_TASK OBJECTIVE_: Starting at the line that contains "Japanese vs Slovak", transcribe each line through the end of the material below, exactly and nothing else, leaving out the pictures.
╭─ INPUT DATA
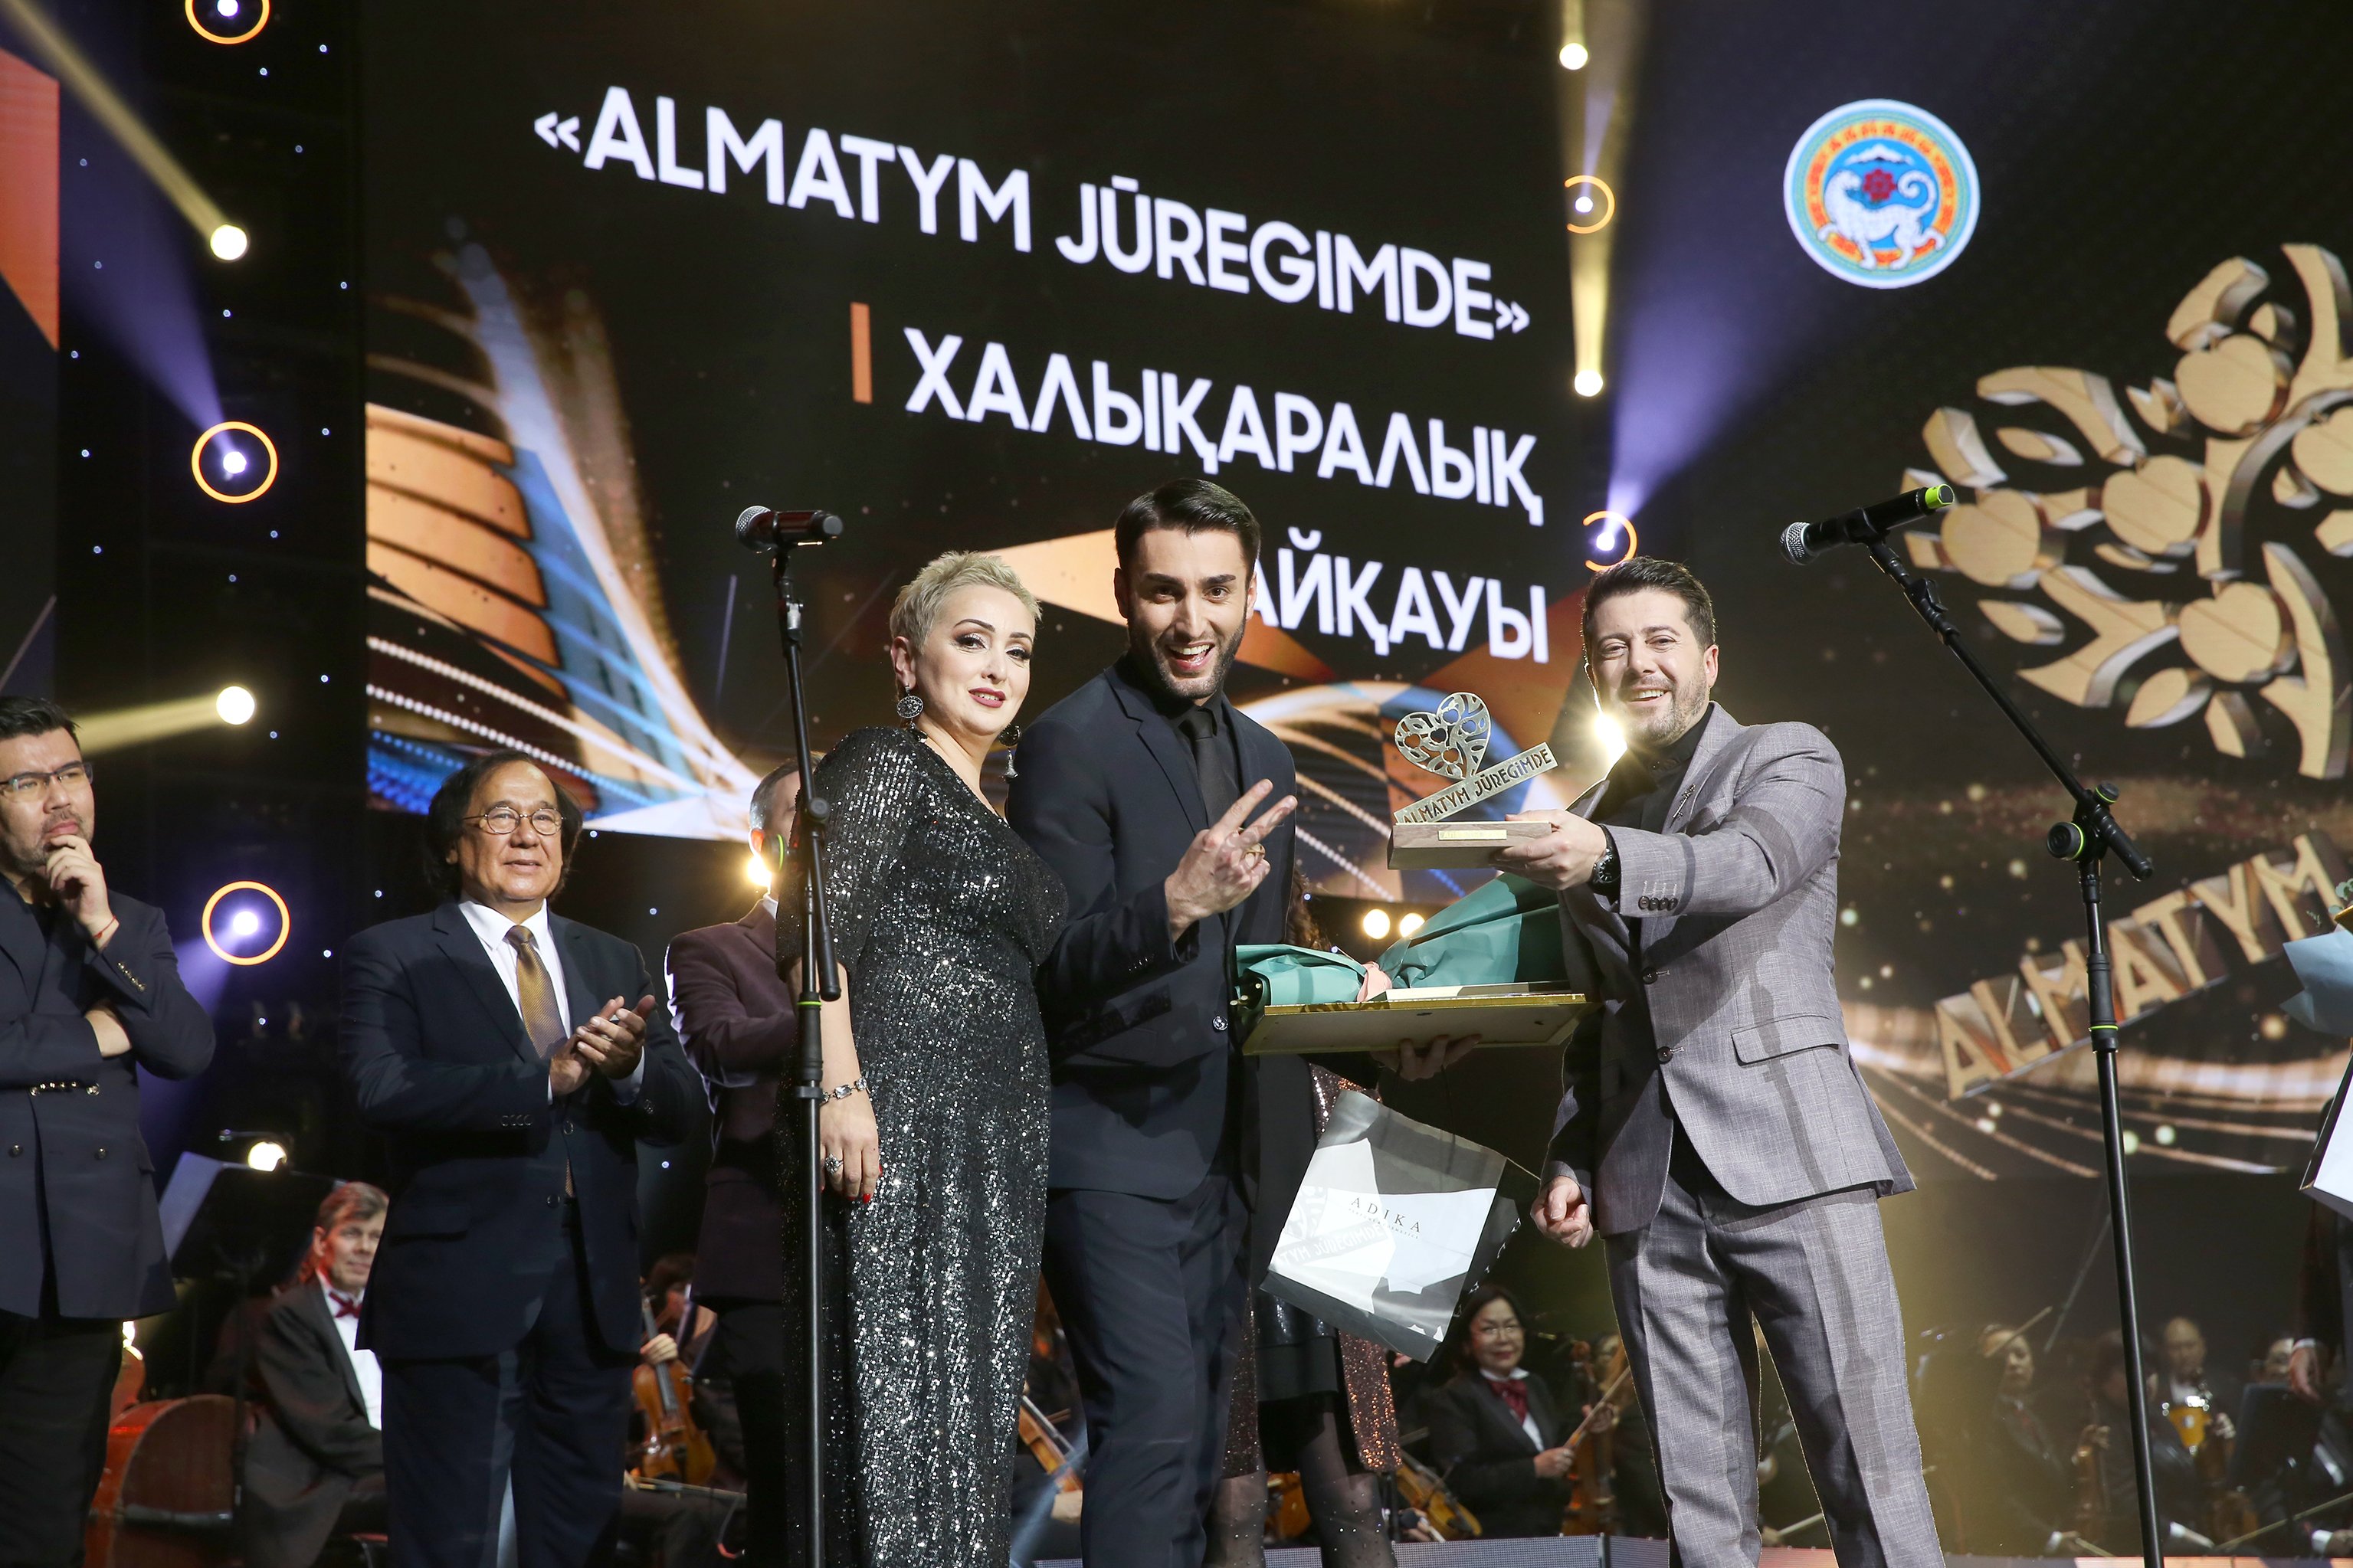 В Алматы состоялся международный конкурс исполнителей «Алматым жүрегімде-2022»
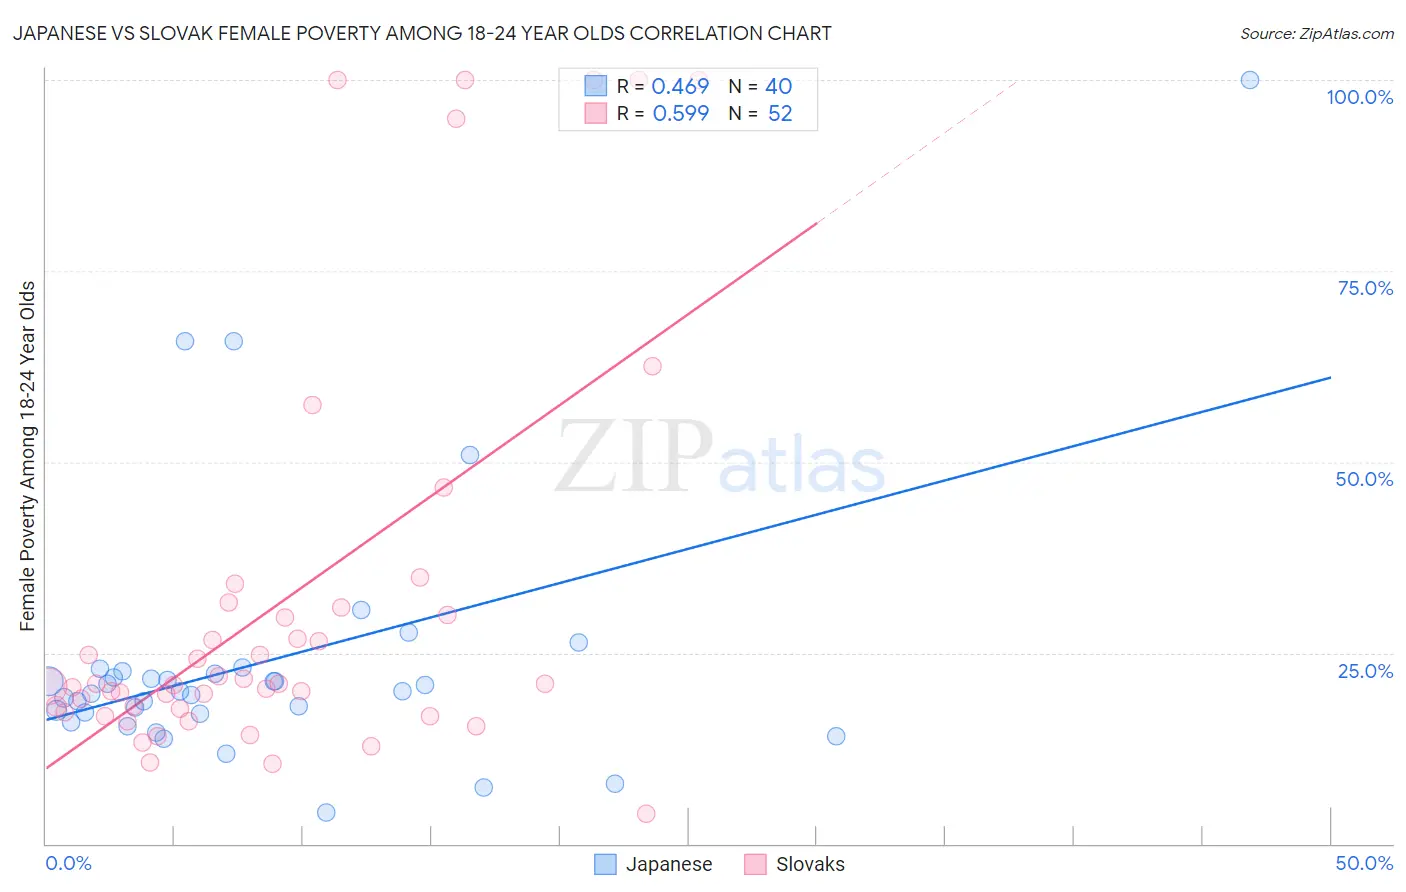 Japanese vs Slovak Female Poverty Among 18-24 Year Olds
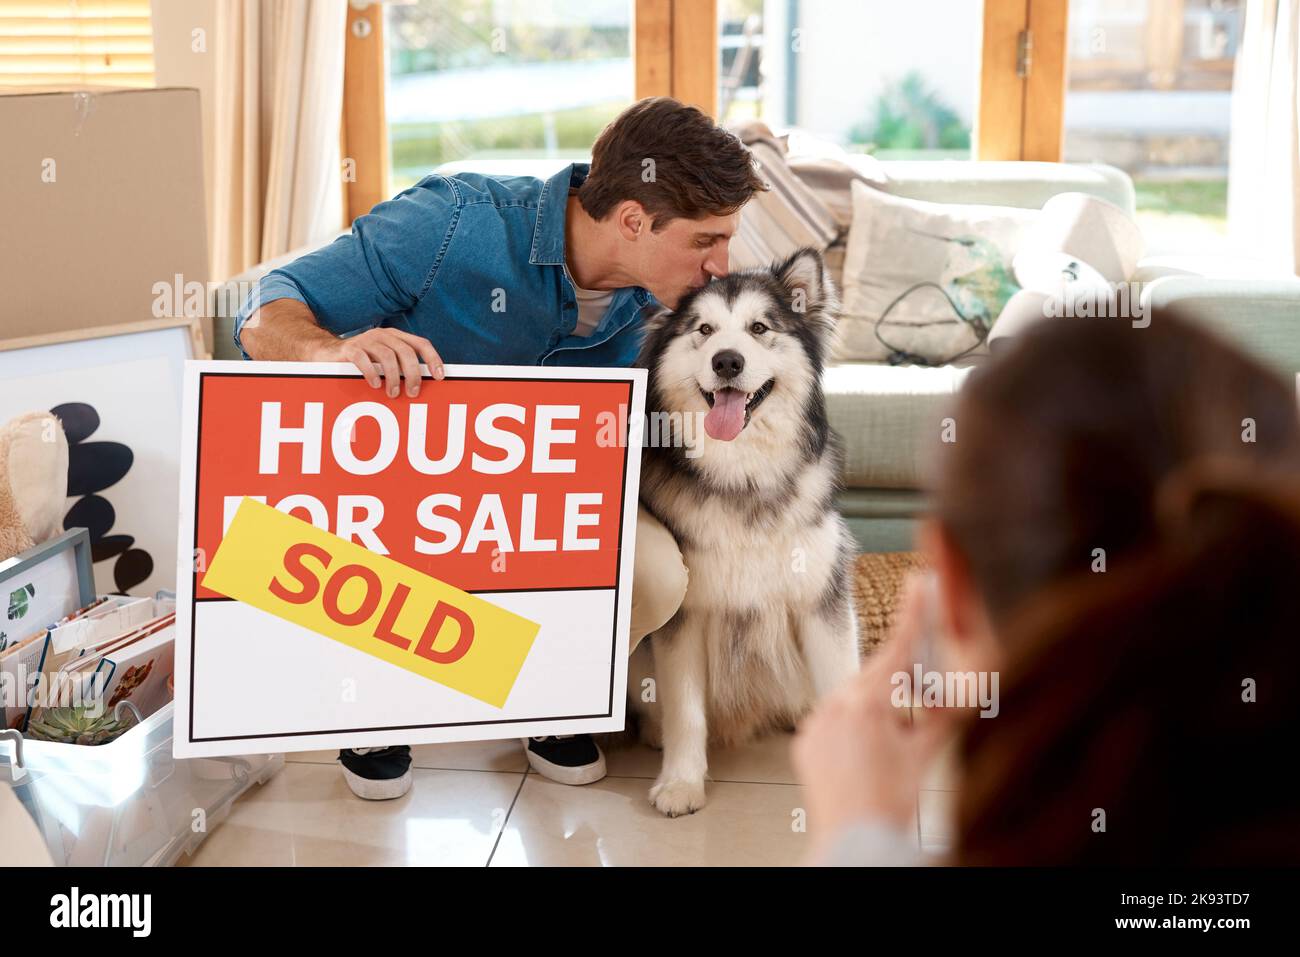 Wir waren glücklich mit unserem neuen Zuhause. Ein glückliches junges Paar und ihr Hund machten Fotos mit einem verkauften Schild in ihrem neuen Zuhause. Stockfoto
╰─
_RESPONSE TO THIS TASK_:
 Japanese vs Slovak Female Poverty Among 18-24 Year Olds
 Wir waren glücklich mit unserem neuen Zuhause. Ein glückliches junges Paar und ihr Hund machten Fotos mit einem verkauften Schild in ihrem neuen Zuhause. Stockfoto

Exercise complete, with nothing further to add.